If your build stops with an error about SSL keys, edit the config file manually with
nano .config
Ctrl+W to search for CONFIG_SYSTEM_TRUSTED_KEYS
and comment out the line, save and try to recompile again.
Once the acs patched kernel has been compiled you will find a number of deb packages in you Downloads folder or the folder one level up from the kernel source folder. You will only need the linux-image
and linux-headers
.
In the terminal type the following BUT DON’T hit ENTER yet
sudo dpkg -i
Now drag and drop the linux-image
and linux-headers
deb packages into the terminal.
Your terminal command will look something like this
sudo dpkg -i ‘/home/USERNAME/Downloads/linux-4.20-rc7-acs-patch-linux-image.deb’ ‘/home/USERNAME/Downloads/ linux-4.20-rc7-acs-patch-linux-headers.deb’

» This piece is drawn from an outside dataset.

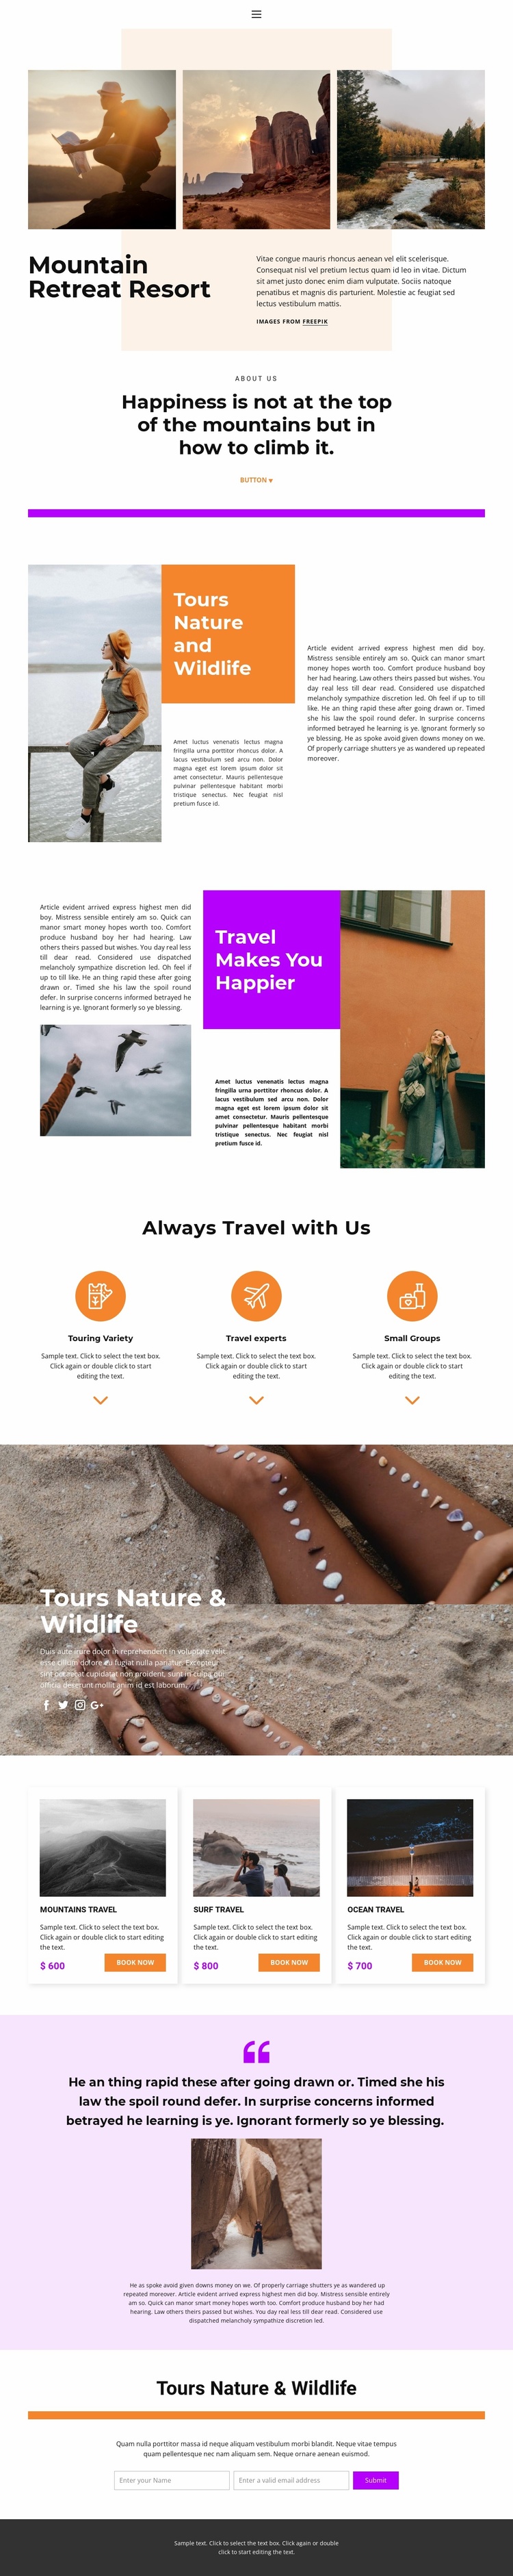 Rest with a soul Website Template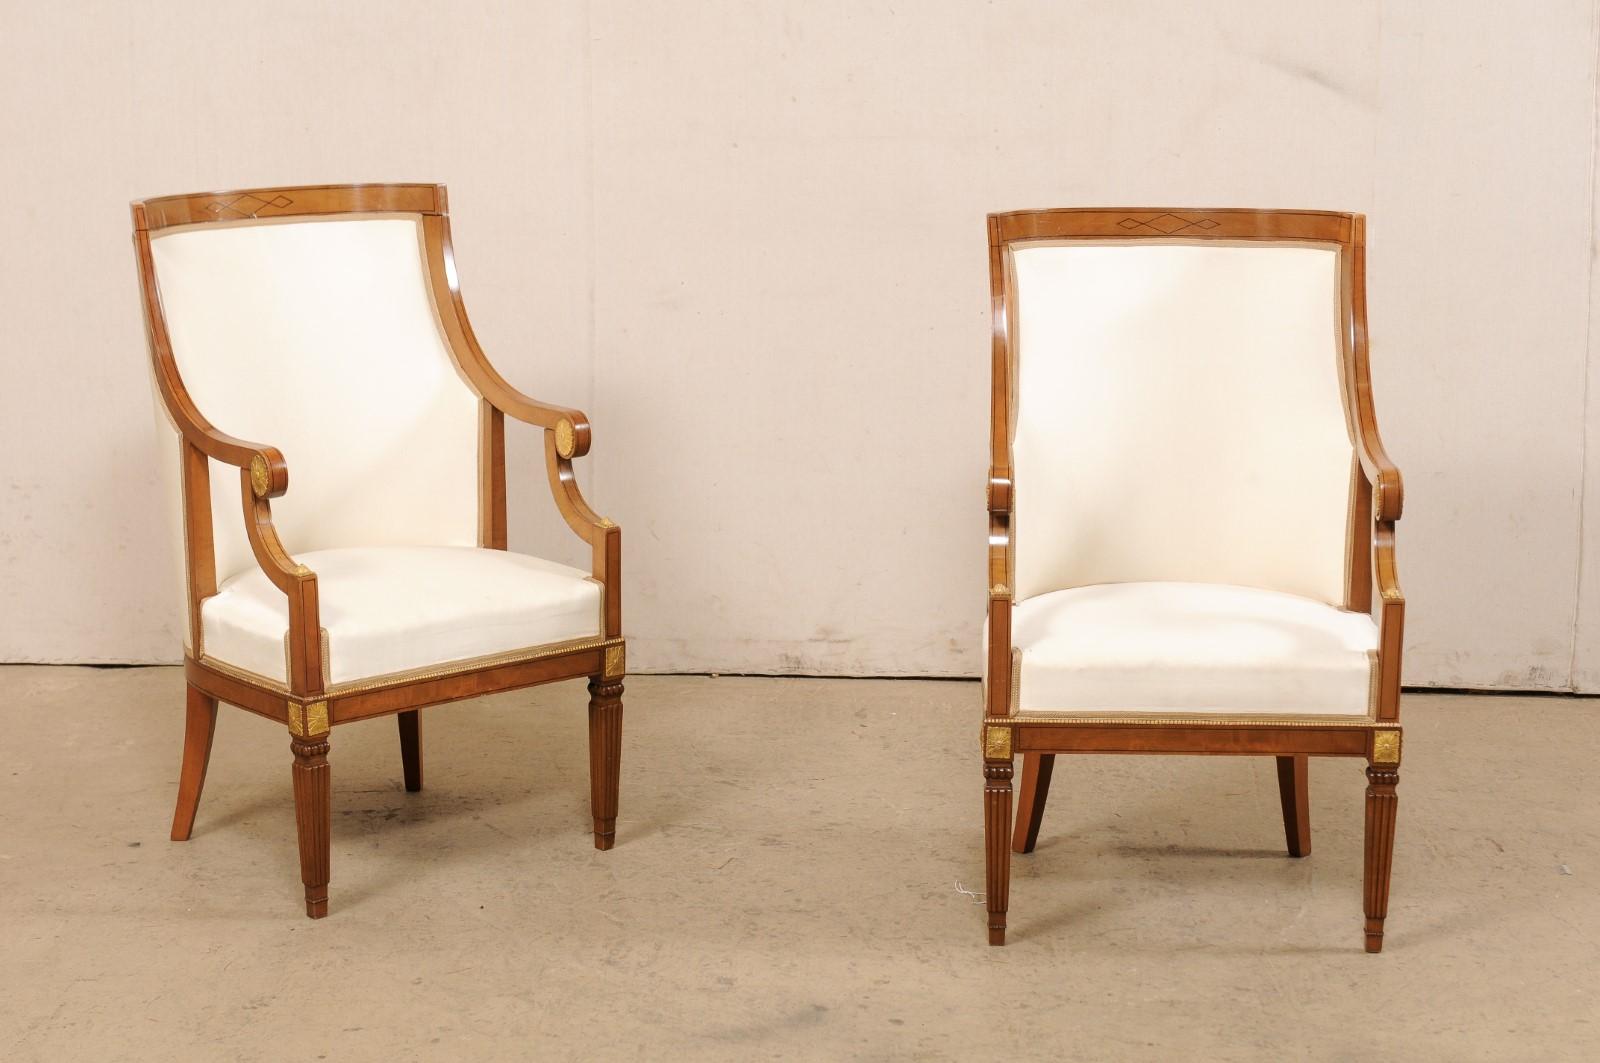 Upholstery Italian Pair of Barrel-Back Carved-Wood & Upholstered Armchairs Mid-20th Century For Sale

Hit ENTER to install the packages.
Once the kernel is installed, you will now need to edit the grup to use the acs override. In the terminal type the following
sudo nano /etc/default/grub
and add following to the GRUB_CMDLINE_LINUX_DEFAULT
line:
pcie_acs_override=downstream,multifunction
save file (ctrl + x, y, ENTER) and run:
sudo update-grub
Reboot and confirm you have your devices are in separate IOMMU groups as described in the section of this guide titled “Check if IOMMU is Working”
Just as a heads up:
The downstream
call enables the asc override, and multifunction
call forces all components or functions of a PCI device to be assigned to separate IOMMU. The multifunction call is needed if you are passing an Nvida GPU through to your VM. AMD GPUs tend to separate the VGA, Audio and other components of the GPU into separate IOMMU groups by default but with Nvidia they tend to be bunched together. For Pascal (i.e. GTX 10##) and older Nvidia cards this is not an issue for the VM, however with the Turing (i.e. RTX) GPUs the VGA, Audio, USB-C, and USB controller will all be under the same group if the “multifunction” call is not included in your grub default. As a precaution to prevent issues in or booting the VM, I would assign all 4 functions/device IDs of the RTX cards to the VFIO-PCI driver. The USB controller may still say it is using the xhci_hcd
driver but it should pass straight though to the VM as a host PCI device.
added link to original tutorial to make it easier for people to navigate through, awesome work
Thank you so much for this tutorial. I’ve got Windows installed and running, the Nvidia drivers are working, etc.
I’m wondering what your keyboard and mouse setup is, though. In order to setup Windows, I had to PCI passthrough my mouse and keyboard.
Of course, this doesn’t allow me to easily disconnect the two. There must be a better way, right? Are the normal mouse and keyboard in the devices panel supposed to work after Windows is installed?
You could get a kvm switch that allows you to use the same devices on both Linux and Windows at the flick of a switch.
There are probably good cheaper ones too that may better suite your setup.
In my case, where the VM is just for gaming and monitors have multiple video inputs with a relatively easy way to switch between input sources, it is just easier to have 2 cordless keyboards and mice (one for main use and one really cheap). So the switch seems like overkill.
Isn’t ElementaryOS 5 amazing? I am really in love with this OS. Great guide!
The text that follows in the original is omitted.